A developer reviewing a schema adds "helpful" indexes to a large orders table:
CREATE INDEX idx_orders_user_id ON orders (user_id);
CREATE INDEX idx_orders_status ON orders (status);
CREATE INDEX idx_orders_created_at ON orders (created_at);
CREATE INDEX idx_orders_updated_at ON orders (updated_at);
CREATE INDEX idx_orders_amount ON orders (amount);
CREATE INDEX idx_orders_user_status ON orders (user_id, status);
CREATE INDEX idx_orders_status_created ON orders (status, created_at);
CREATE INDEX idx_orders_user_created ON orders (user_id, created_at);
-- ... 5 more indexes for other query shapes
The table has 50 million rows. Each order insertion now updates 13 indexes. What was a 1ms primary key insert becomes a 12ms multi-index update. Write throughput drops by 10x. WAL log size explodes, causing replication lag. VACUUM takes longer because index entries must be cleaned too. A hot promotion flow that processes 5,000 orders/second now struggles to keep up with 500/second.
I've seen this exact failure at two different companies. Both times, the fix was the same: audit every index, drop the ones without a matching query, and consolidate overlapping indexes into composites.
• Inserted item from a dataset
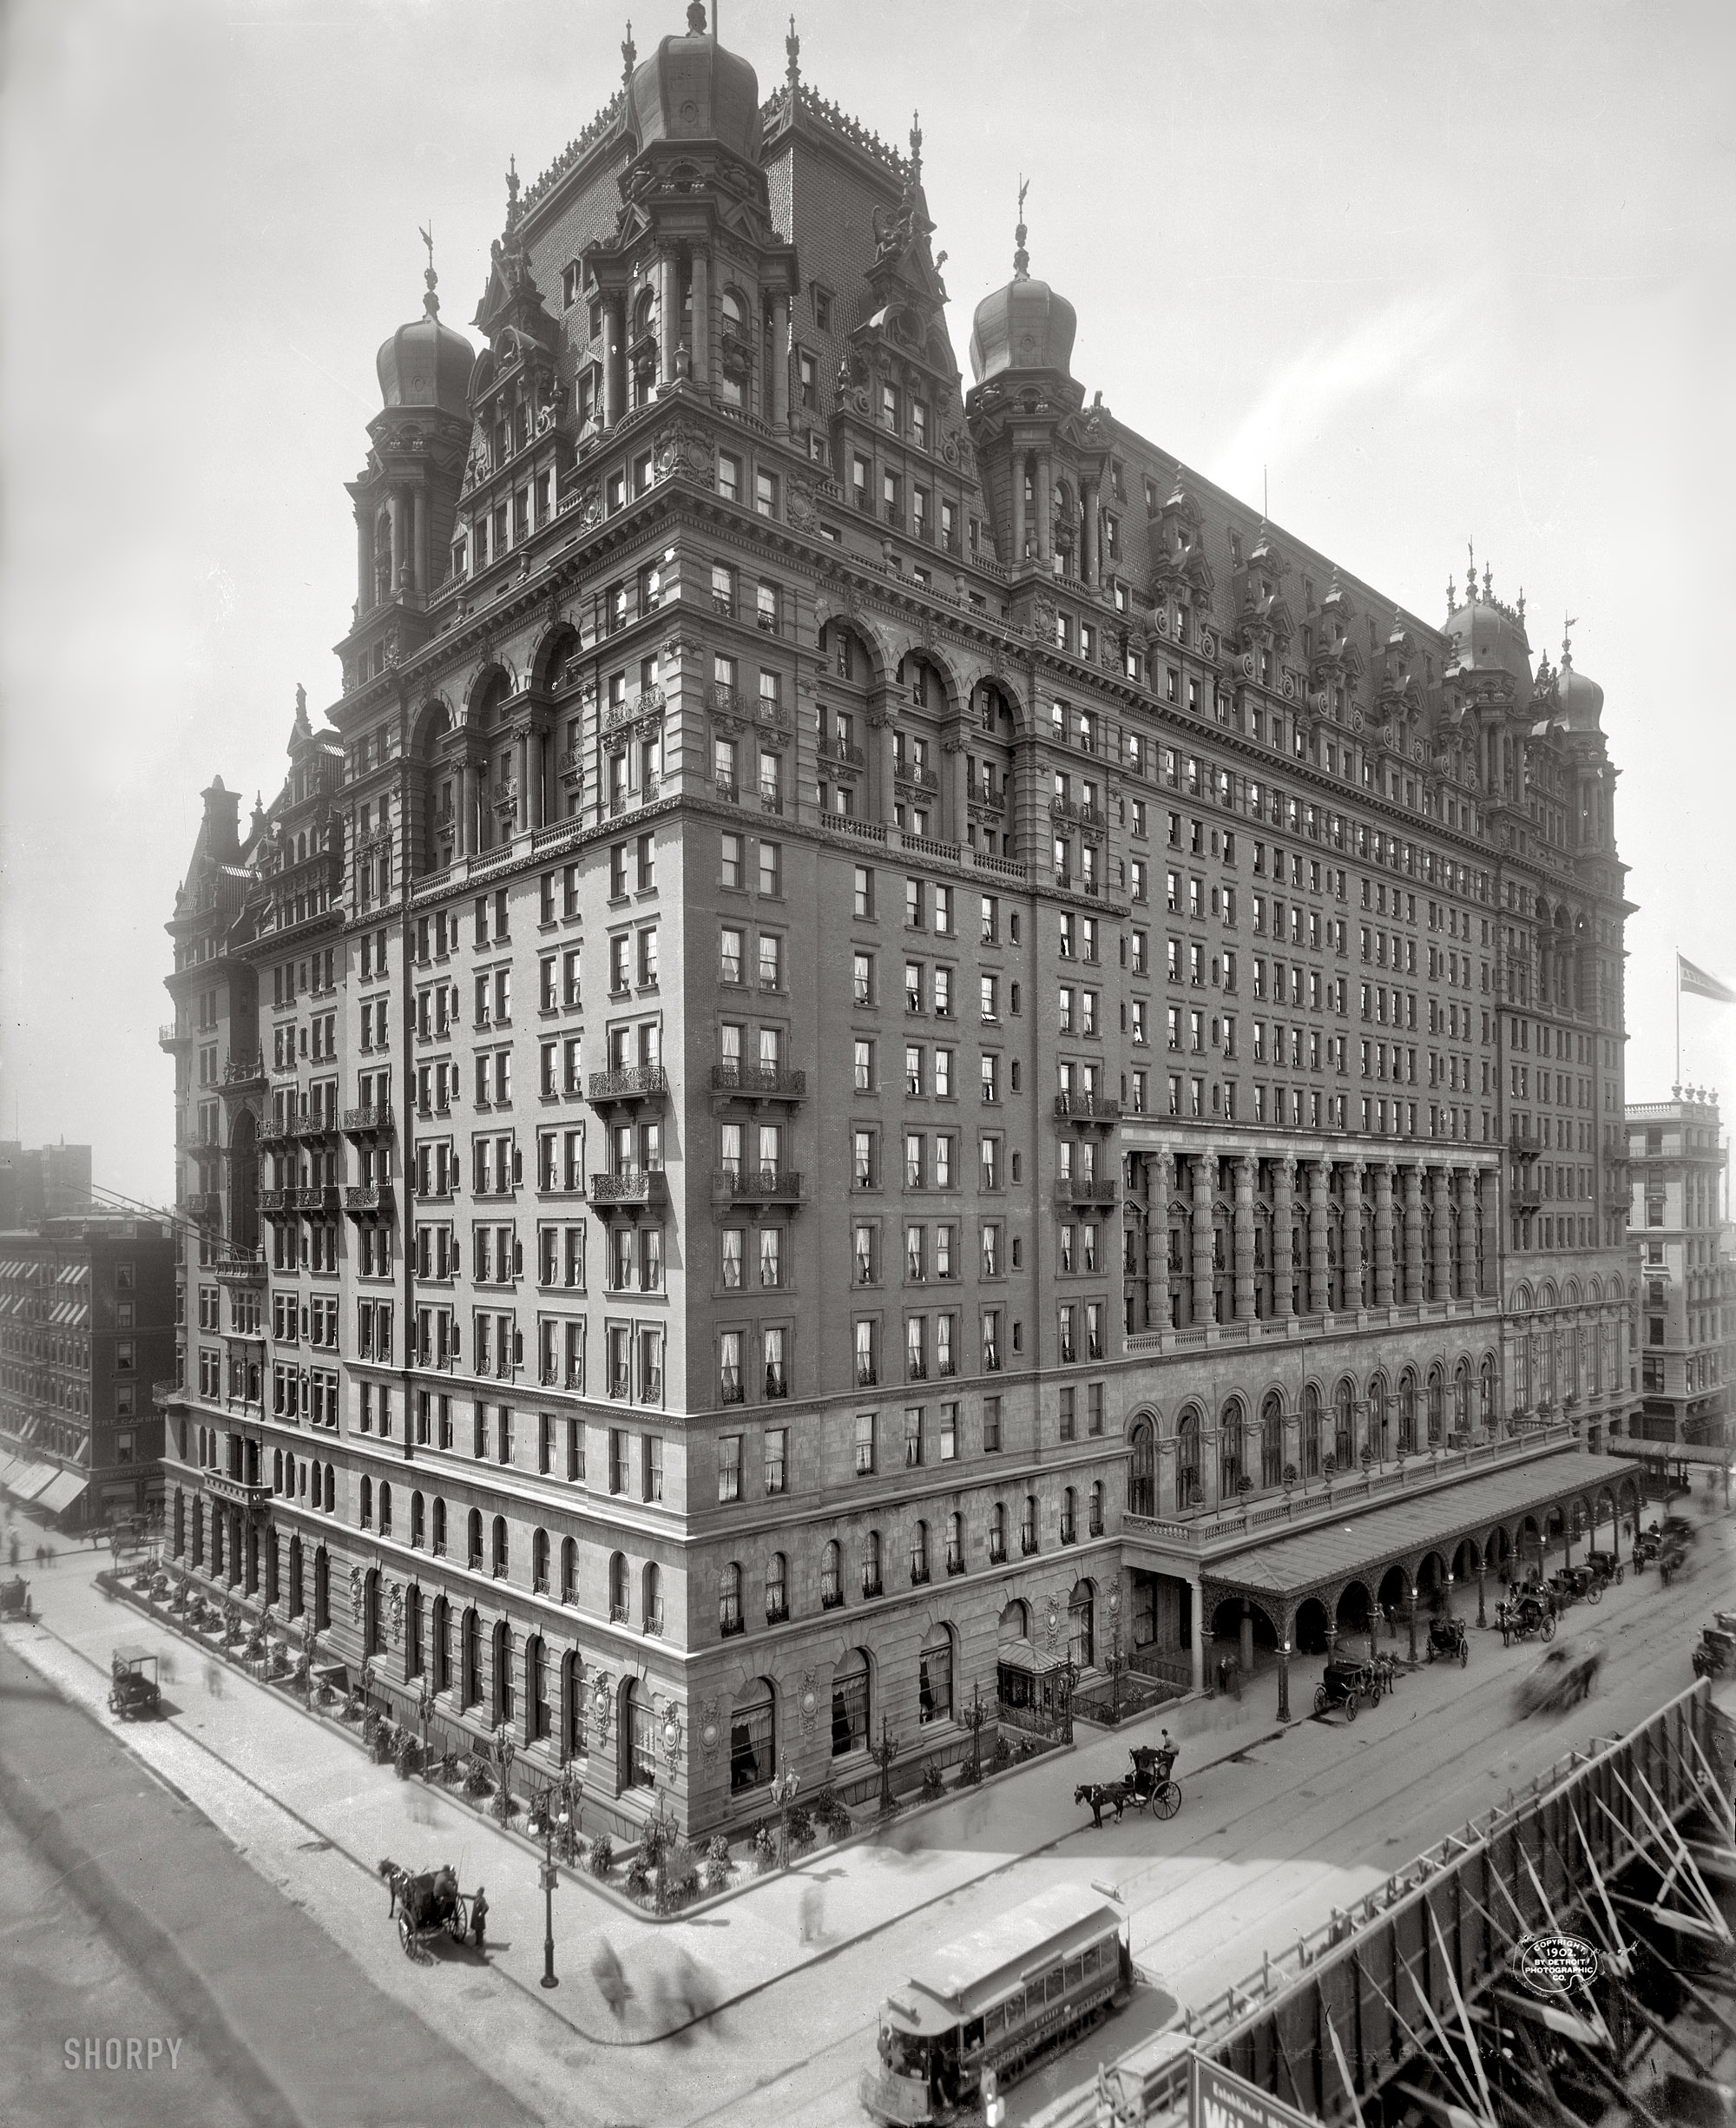 Circa 1902. "The Waldorf-Astoria, New York." The original, and somewhat forbidding, Waldorf at Fifth Avenue and 34th Street. Complete with the obligatory windowsill milk bottle. 8x10 inch dry plate glass negative, Detroit Photographic Company. View full size.

Here's the before-and-after from one of those incidents:
| Metric | Before (13 indexes) | After (4 indexes) |
|---|---|---|
| Insert latency (p99) | 45ms | 4ms |
| WAL generation | 120 MB/min | 35 MB/min |
| Replication lag | 8 seconds | < 1 second |
| VACUUM duration | 4 hours | 25 minutes |
| Table + index size | 180 GB | 65 GB |
Write amplification per index
For a B-tree index:
- Every INSERT inserts a key into the B-tree: O(log n) per index
- Every DELETE removes the key from the B-tree: O(log n) per index
- Every UPDATE on an indexed column deletes the old key and inserts the new key: O(log n) per index, twice
At 50M rows, each B-tree operation is log₂(50,000,000) ≈ 26 comparisons. With 13 indexes: 338 comparisons per write. The page cache must hold 13× more index pages. Dirty pages from all 13 index structures compete for the shared buffer pool.
The math is simple: if you have N indexes, your write cost is roughly N times what it would be with just the primary key. For most OLTP tables, 3-5 well-chosen indexes is the sweet spot. Beyond that, you need a very good reason.
Why It Happens
Every one of these decisions sounds reasonable in isolation:
- A developer adds an index during a code review because "we might query on this column someday." It takes 10 seconds to write the migration.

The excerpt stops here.